Он сказал что-то еще, и я понял: дело идет к драке. А я никогда не дрался. Не знал, как это делается, и боялся, что он меня изувечит. Только одно я и придумал: отошел от стены, сообразив, что если он меня стукнет, так я еще и спину зашибу.
И тут я получил удар в глаз – не так уж оказалось и больно, – а в следующий миг и сам стукнул сукина сына, автоматически. Замечательное открытие: думать не надо, «механизм» сам знает, что делать.
– Ладно. Один – один, – говорю. – Хочешь продолжить?
Он отступил на шаг, повернулся и ушел. Будь он таким же болваном, как я, мы с ним поубивали бы друг друга.

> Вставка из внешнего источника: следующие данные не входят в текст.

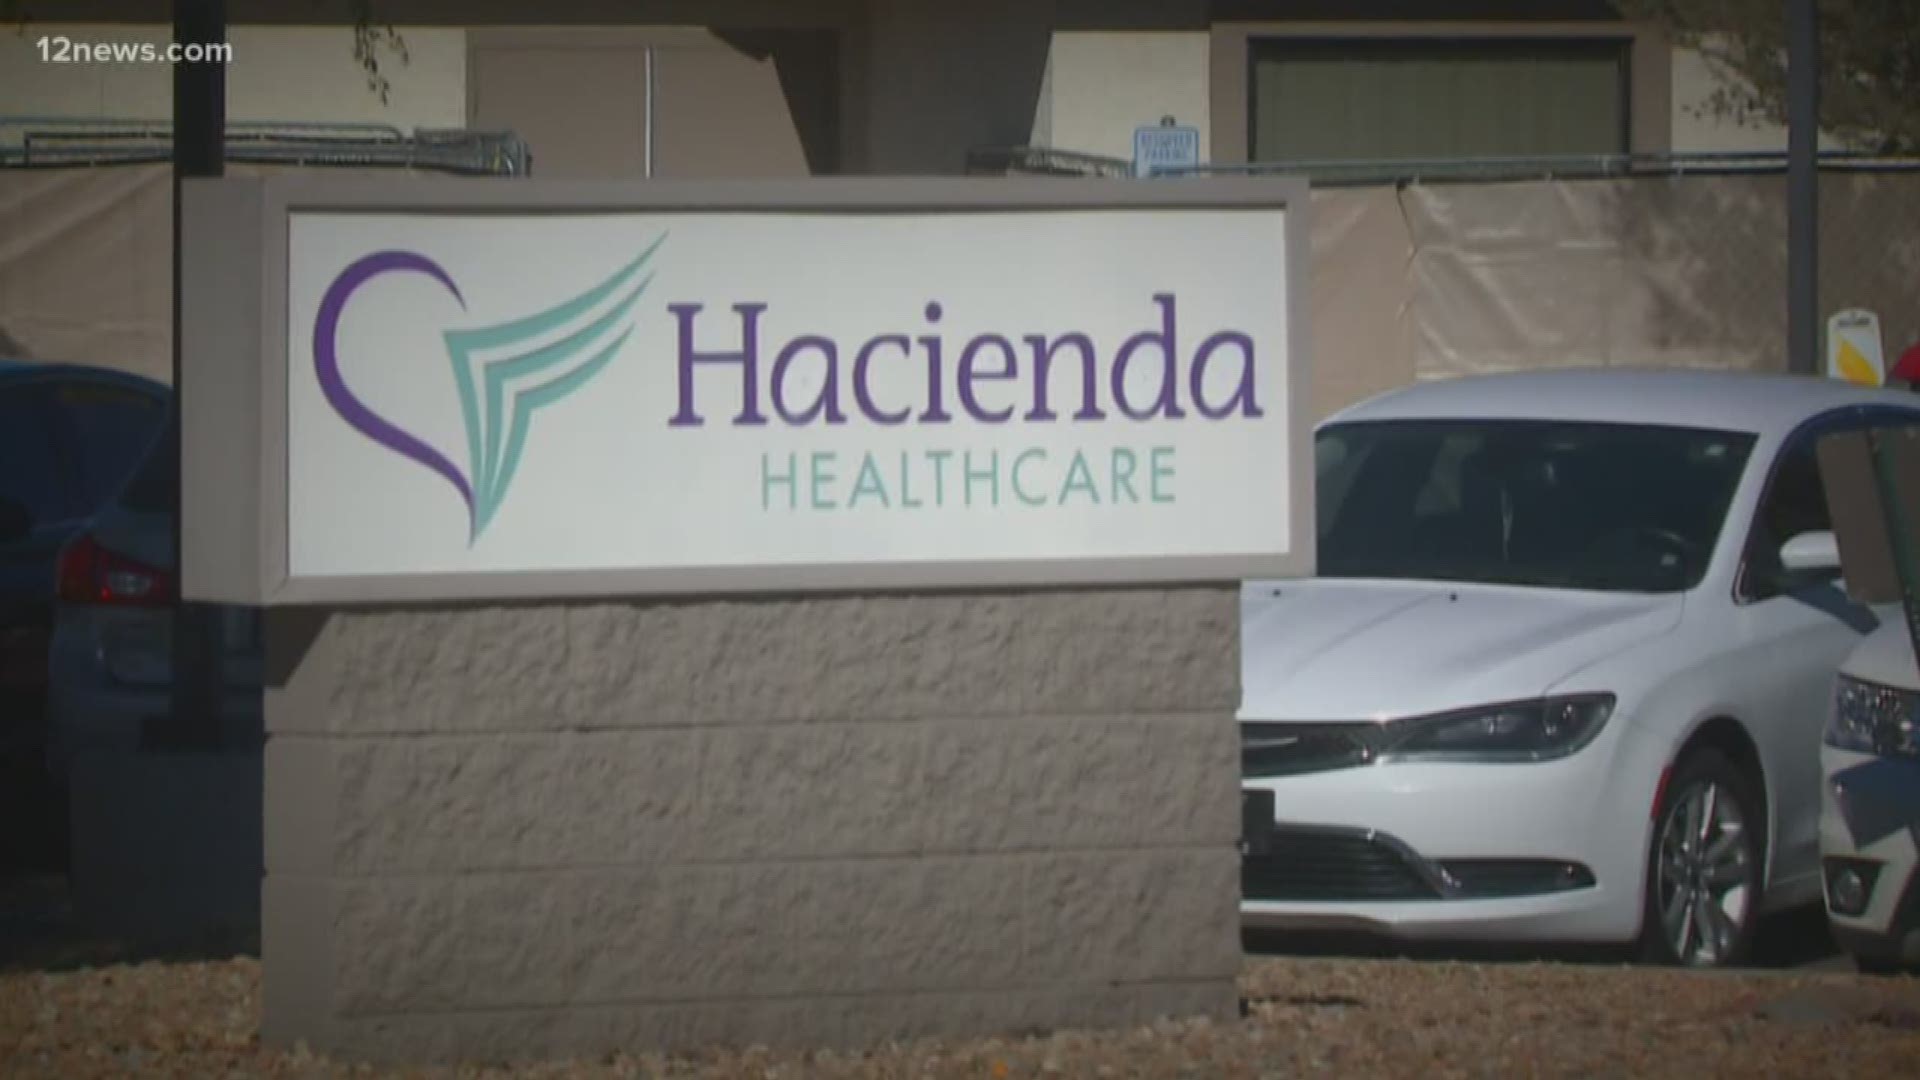 An incapacitated woman nobody thought was pregnant gave birth at the beginning of the year, starting a rape investigation that exposed several problems at Hacienda.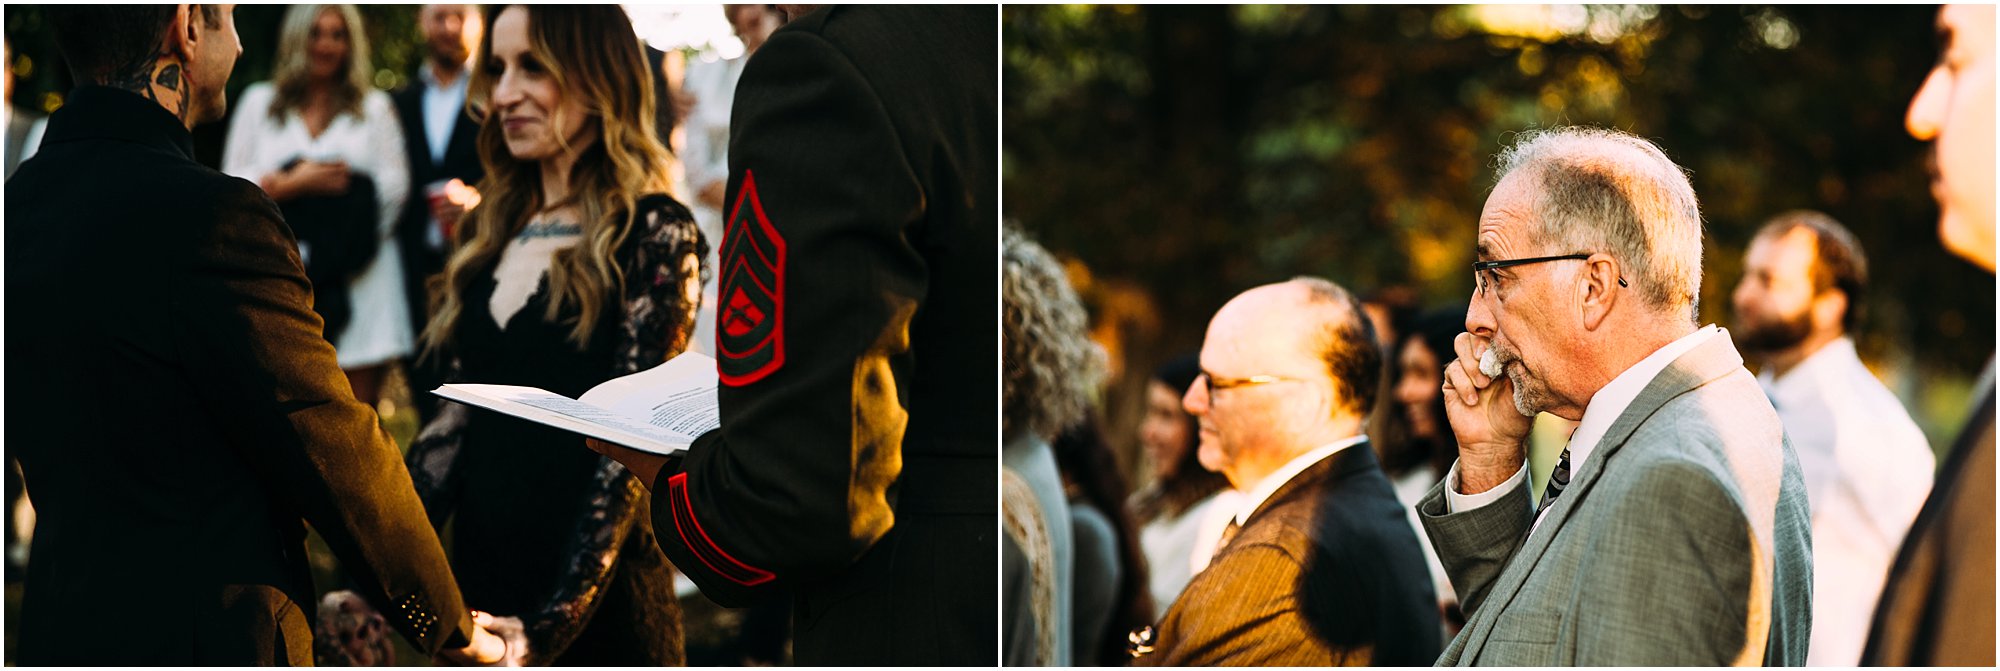 Father of the groom wiping tear away as he watches his son get married

Я подошел к умывальнику: руки дрожат, десны в крови – это самое слабое мое место, десны, – глаз болит.
Немного придя в себя, я вернулся в бар, с воинственным видом подошел к стойке и сказал:
– «Блэк-энд-Уайт», вода отдельно, – решил, что виски успокоит мои нервы.
Мне оно было невдомек, однако тип, с которым я подрался в уборной, сидел на другом конце бара, разговаривая с тремя парнями. Вскоре эти трое – крупные, крепкие мужики – подошли ко мне, обступили. Вид у них был грозный, один из них сказал:
– Ты зачем это нашего дружка побил, а?
Я был настолько глуп, что не понял – меня берут на испуг, я знал только одно: кто прав, а кто виноват. И, резко повернувшись к ним, выпалил:
– Вы разберитесь сначала, кто первый начал, а потом уж лезьте на рожон.
Парни удивились – они пугают, а мне не страшно, – и пошли восвояси.
Спустя какое-то время один из них вернулся и сказал:
– Ты прав. Керли – он такой. Вечно лезет в драку, а после просит нас разобраться.
– Еще бы я был не прав, черт подери! – ответил я, и этот парень присел рядом со мной.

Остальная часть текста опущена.